Pandas: Pandas is a Python library built on top of NumPy that provides high-level data structures and functions designed for easy data manipulation and analysis. It provides a DataFrame object, which is similar to a spreadsheet or a SQL table, and allows you to easily perform data cleaning, merging, filtering, and aggregation.
Differences between NumPy and Pandas: While both NumPy and Pandas are used in data analysis, they have different use cases. NumPy is used primarily for numerical computation and scientific computing, while Pandas is used for data manipulation and analysis. NumPy provides a powerful array object that allows you to perform mathematical operations on large arrays of homogeneous data, while Pandas provides a DataFrame object that allows you to manipulate and analyze data in a more flexible and structured way.
DataFrame: A DataFrame is a 2-dimensional labeled data structure with columns of potentially different types. It is similar to a spreadsheet or a SQL table and provides a flexible and powerful tool for data manipulation and analysis. In a DataFrame, each column can have a different data type, such as integer, float, or string.
Common operations with NumPy: NumPy provides a wide range of functions for mathematical operations on arrays, such as arithmetic operations, linear algebra, Fourier transform, and random number generation. Some common operations include creating arrays, indexing and slicing arrays, performing mathematical operations, reshaping arrays, and computing statistical measures.

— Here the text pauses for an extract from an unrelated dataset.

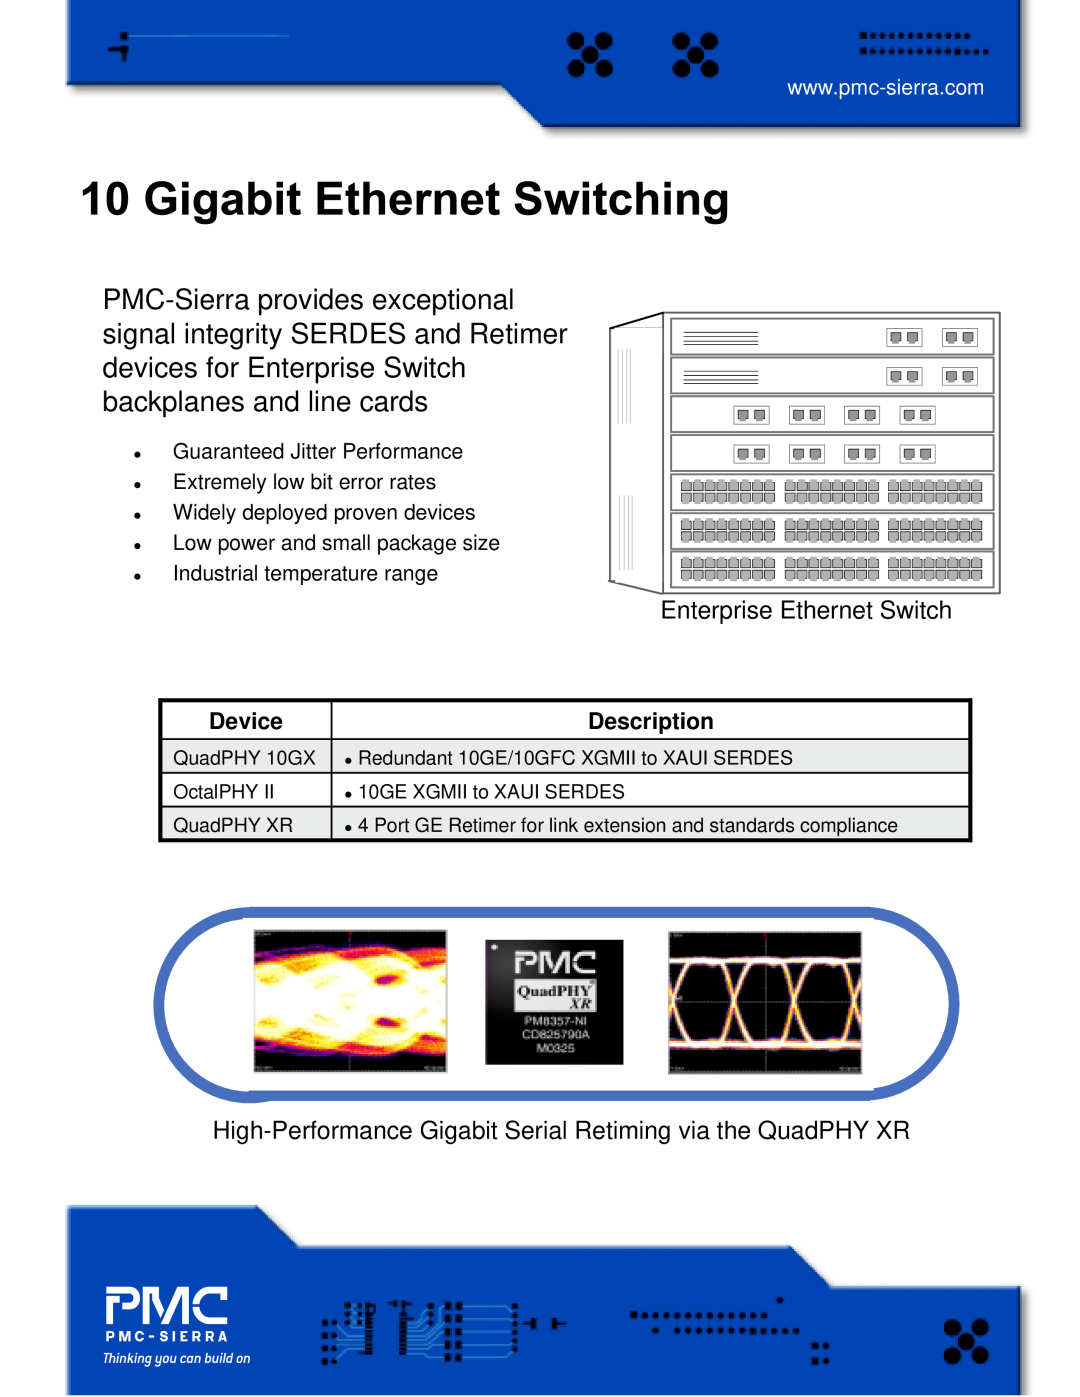 PMC-Sierra Gigabit Ethernet Switching manual Device, Description, Enterprise Ethernet Switch, QuadPHY 10GX, OctalPHY

Incorporating NumPy or Pandas into a project: To use NumPy or Pandas in a project, you need to install them first using pip or conda package manager. Once installed, you can import the library into your project and start using its functions and data structures. For example, to create a NumPy array, you can use the np.array() function, and to create a Pandas DataFrame, you can use the pd.DataFrame() function. You can then use various functions and methods provided by the libraries to manipulate and analyze the data.